In recent years, there has been growing interest in the development and application of hybrid actor-critic algorithms in various domains, particularly in the field of reinforcement learning. These algorithms combine the strengths of both actor and critic approaches to enhance the stability and convergence speed of learning processes. Notable examples include the Advantage Actor-Critic (A2C) and Proximal Policy Optimization (PPO) algorithms, which have demonstrated impressive performance in tasks ranging from robotic control to game playing. The hybrid actor-critic paradigm leverages actor networks to determine optimal policies and critic networks to estimate value functions, resulting in more efficient and effective policy optimization. This approach has gained recognition for its ability to handle high-dimensional state and action spaces, making it a promising candidate for addressing complex control and optimization challenges, including those in the domain of UPS dispatch and control. While the literature on hybrid actor-critic algorithms is extensive, its specific application in the context of UPS systems and renewable energy integration may require further exploration and adaptation to address the unique challenges of power system dispatch.

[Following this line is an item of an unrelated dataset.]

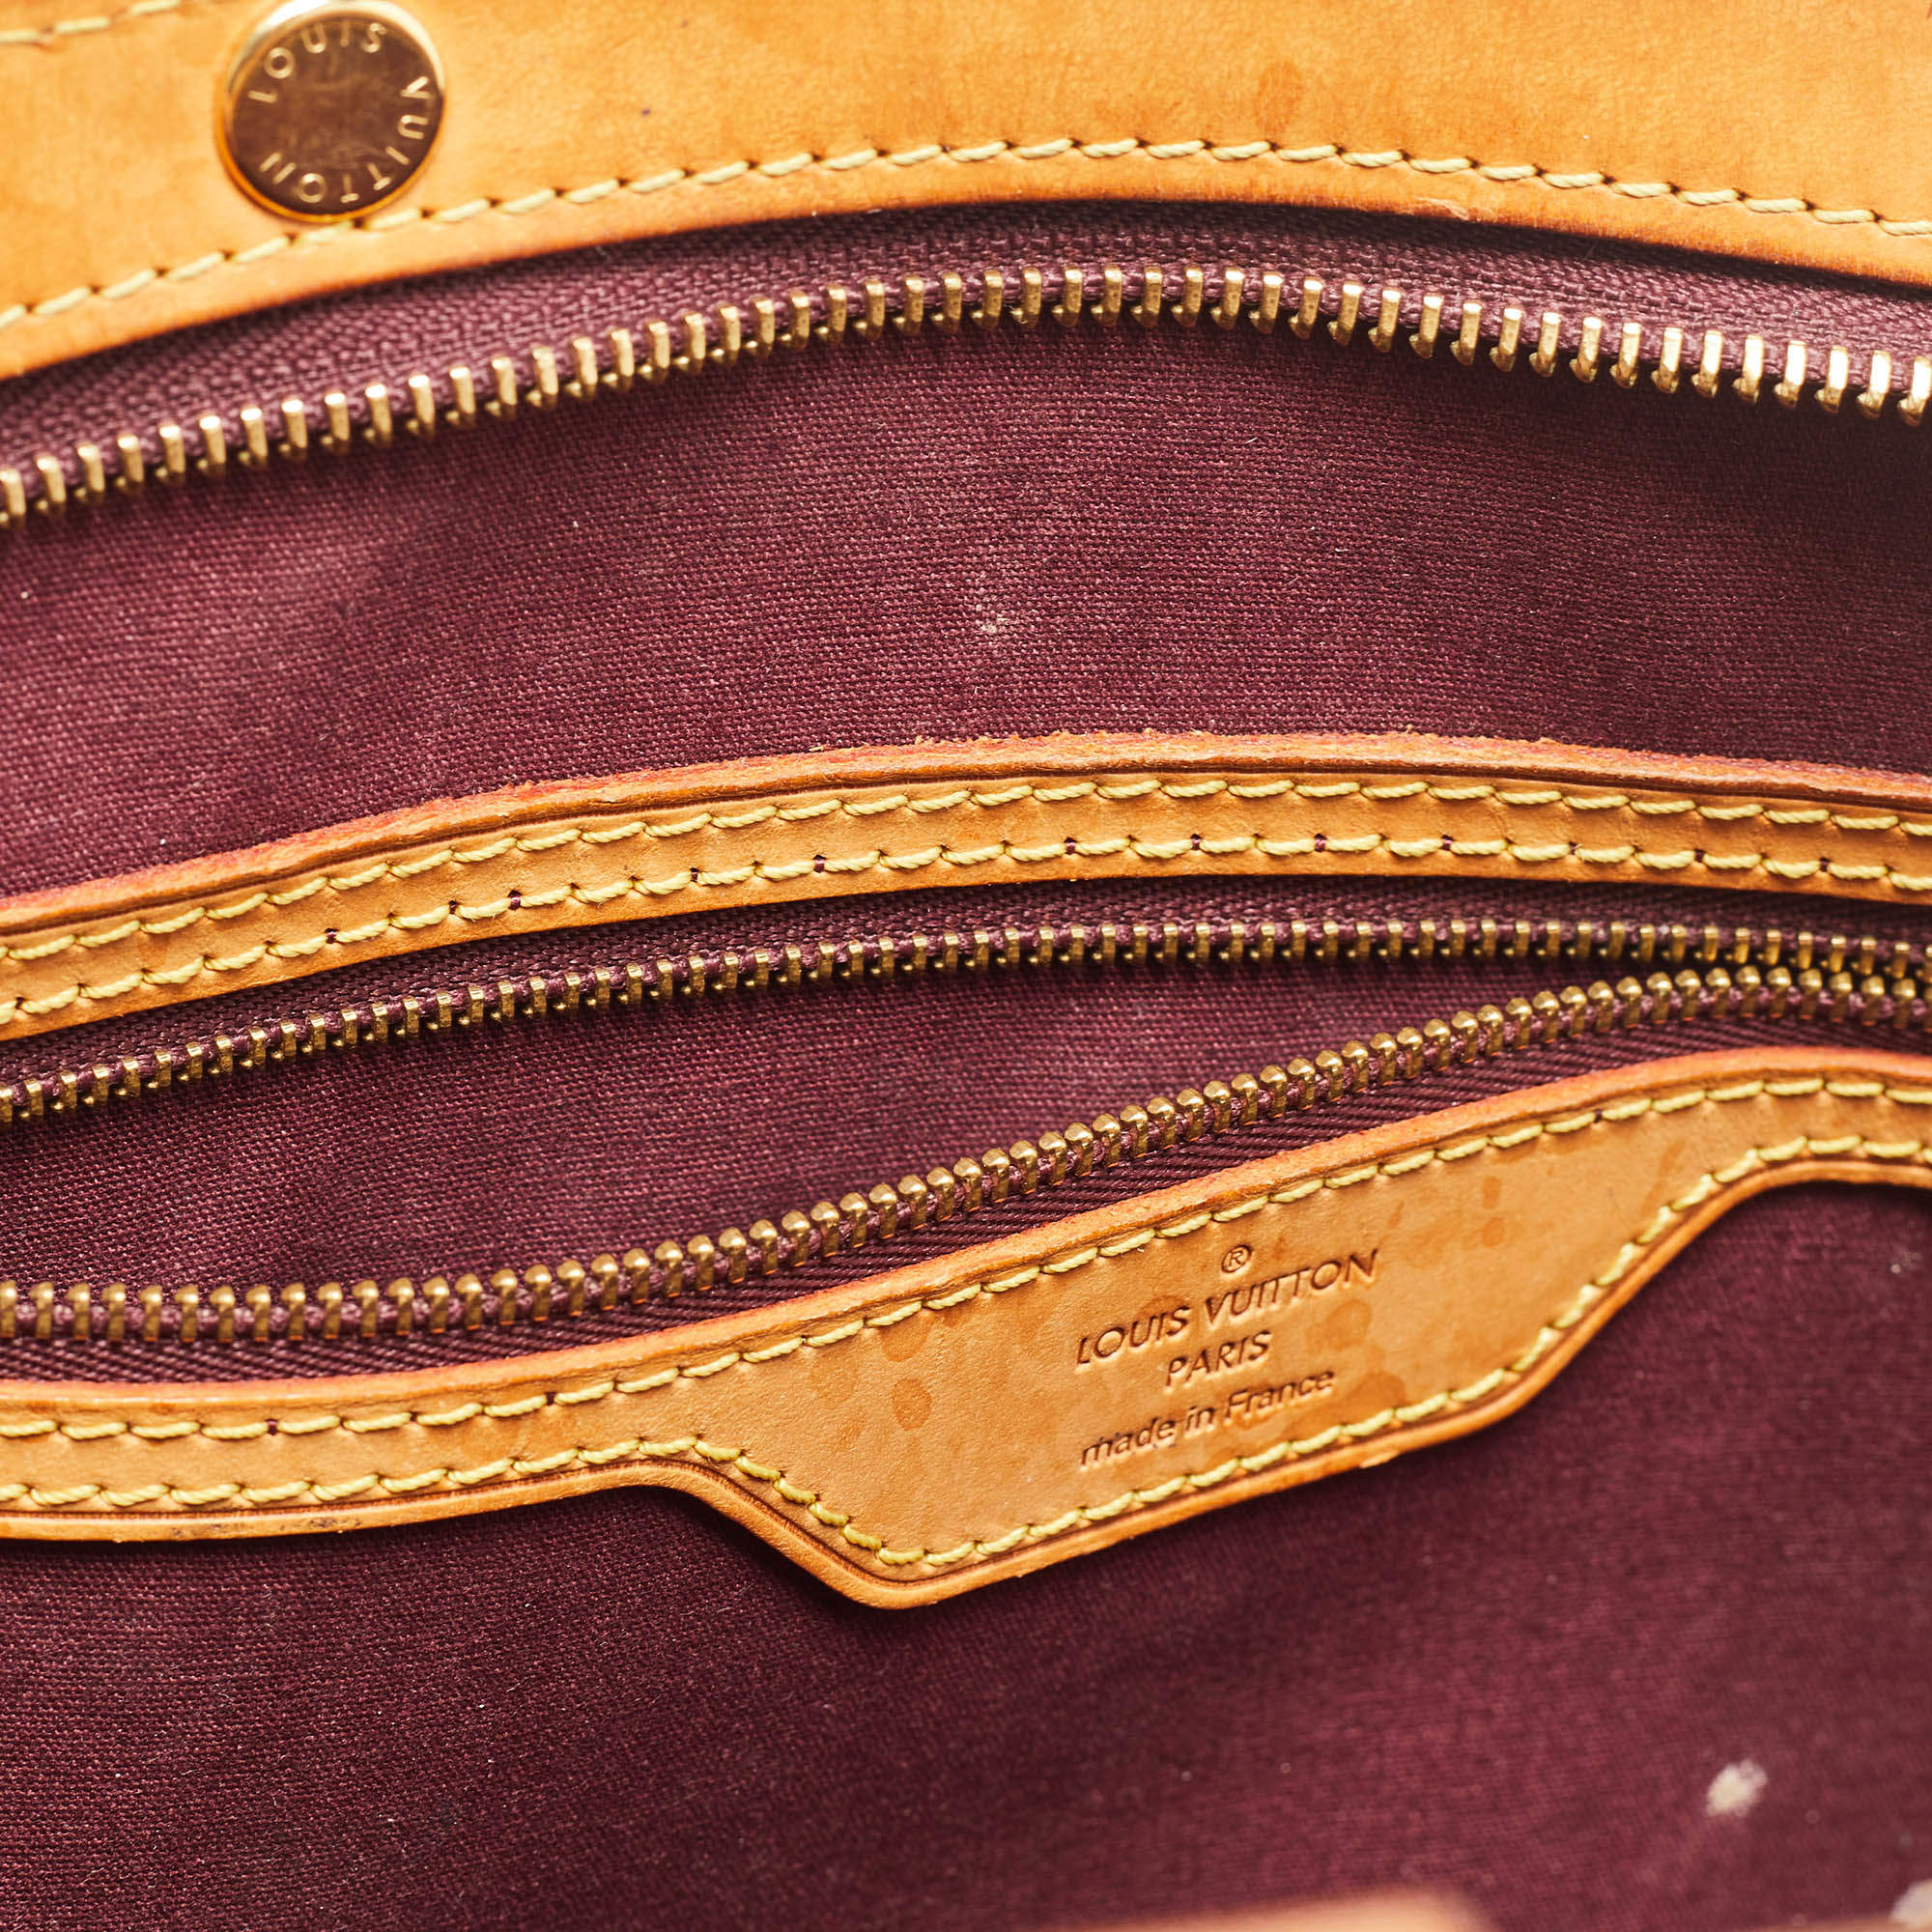 Louis Vuitton Yellow Monogram Vernis Leather Brea MM Bag., Lot #58288
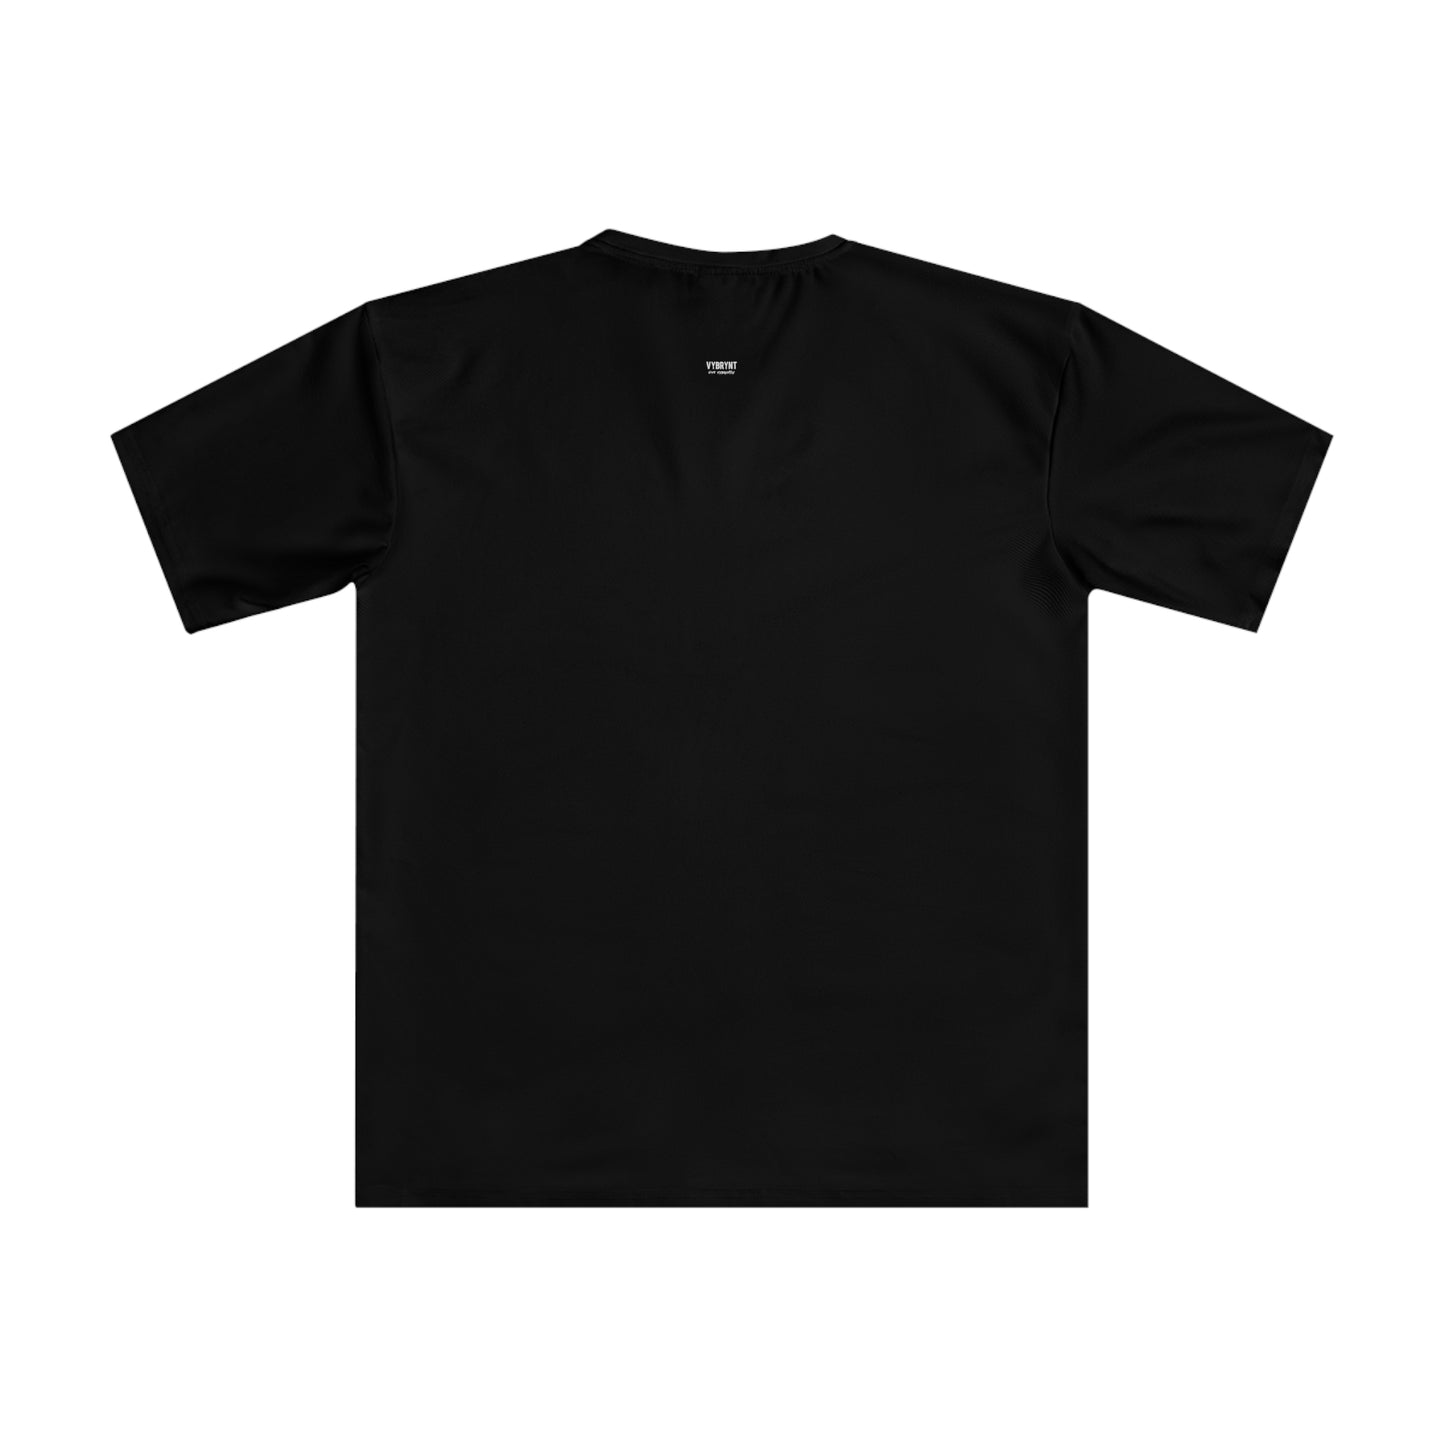 Retro Men's T-shirt

3. Model formulation of the proposed MDP framework

The proposed model for optimal energy dispatch in smart DCs with uninterruptible power supplies (UPS) follows a Markov Decision Process (MDP) framework, encompassing the following key components: 1. State space: Defining state variables that capture the current system state, including the energy level of UPS, workload status, and electricity price.2. Action space: Specifying the available actions for the controller at each time step, such as determining the amount of power to dispatch from the UPS.3. Reward function: Establishing a reward function that reflects the system’s objective, which could involve minimizing electricity costs, maximizing UPS utilization, or reducing carbon emissions.4. Transition probabilities: Describing the probabilities of transitioning to new states based on the current state and action taken.5. Discount factor: Incorporating a discount factor to weigh the importance of future rewards relative to immediate rewards.6. Policy: Identifying the optimal policy that maps each state to the corresponding action, maximizing the expected total reward. The model formulation typically involves representing the problem as a finite-horizon or infinite-horizon MDP and employing dynamic programming or reinforcement learning algorithms to solve it. The specific formulation and solution method depends on the system’s particular objectives and constraints.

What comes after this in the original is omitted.